_Exercise directions_.
Copy the data exactly from the line that contains "jalan jalan cari" through the line that contains "Conoce a cada", keeping both end lines and leaving out everything else.

_Material to process_.
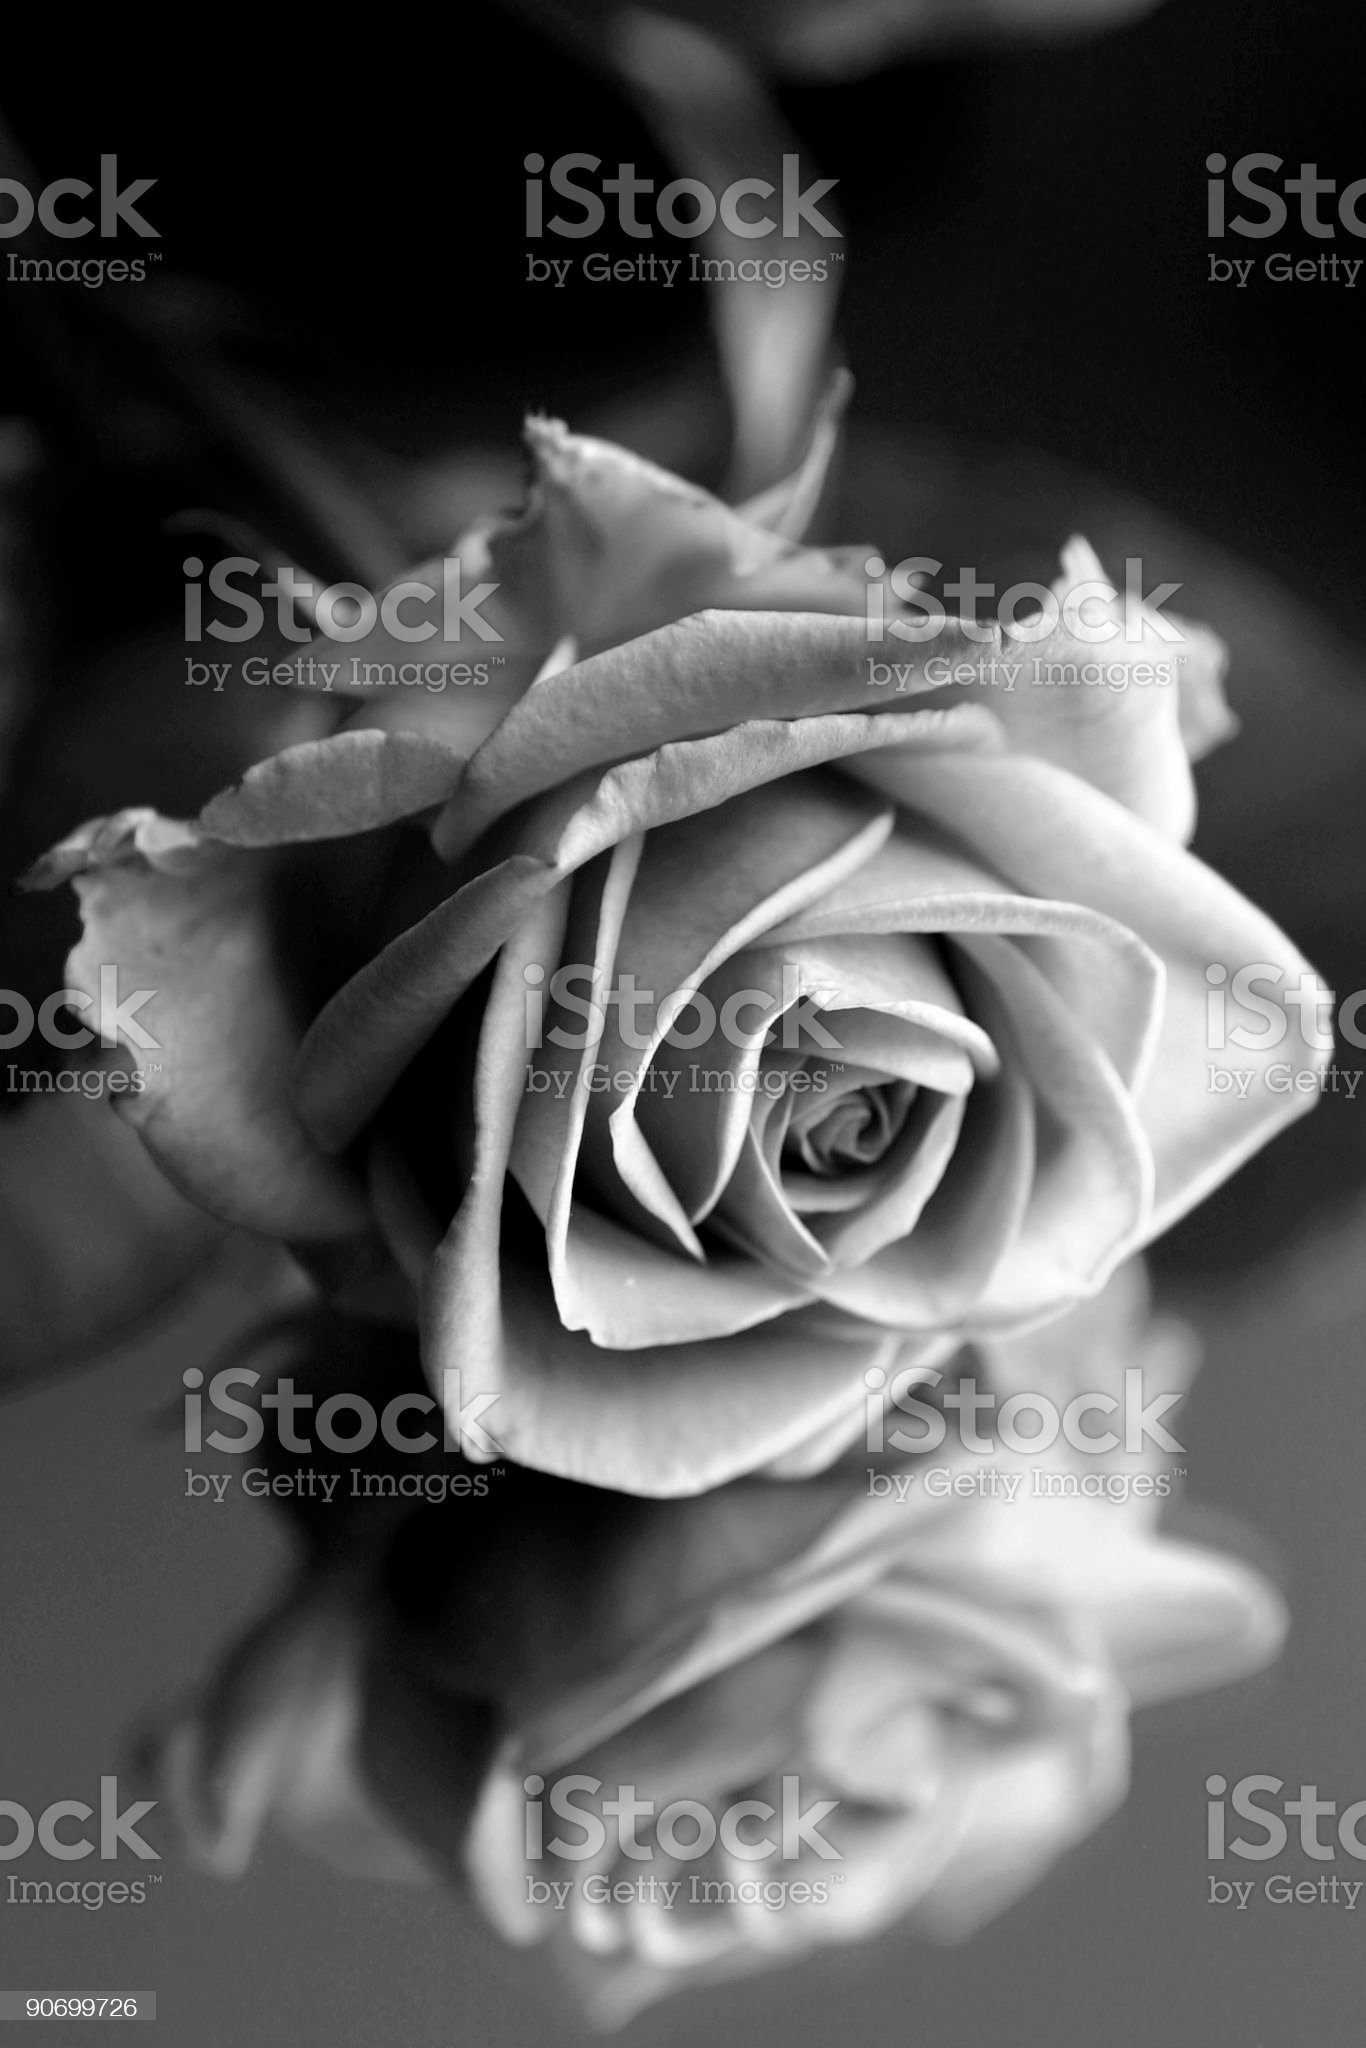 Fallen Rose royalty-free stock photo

--

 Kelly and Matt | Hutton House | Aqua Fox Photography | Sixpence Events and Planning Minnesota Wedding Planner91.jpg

---

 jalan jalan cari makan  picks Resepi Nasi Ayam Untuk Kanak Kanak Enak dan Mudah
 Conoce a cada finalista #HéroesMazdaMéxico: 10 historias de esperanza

_Response to the task_.
 jalan jalan cari makan  picks Resepi Nasi Ayam Untuk Kanak Kanak Enak dan Mudah
 Conoce a cada finalista #HéroesMazdaMéxico: 10 historias de esperanza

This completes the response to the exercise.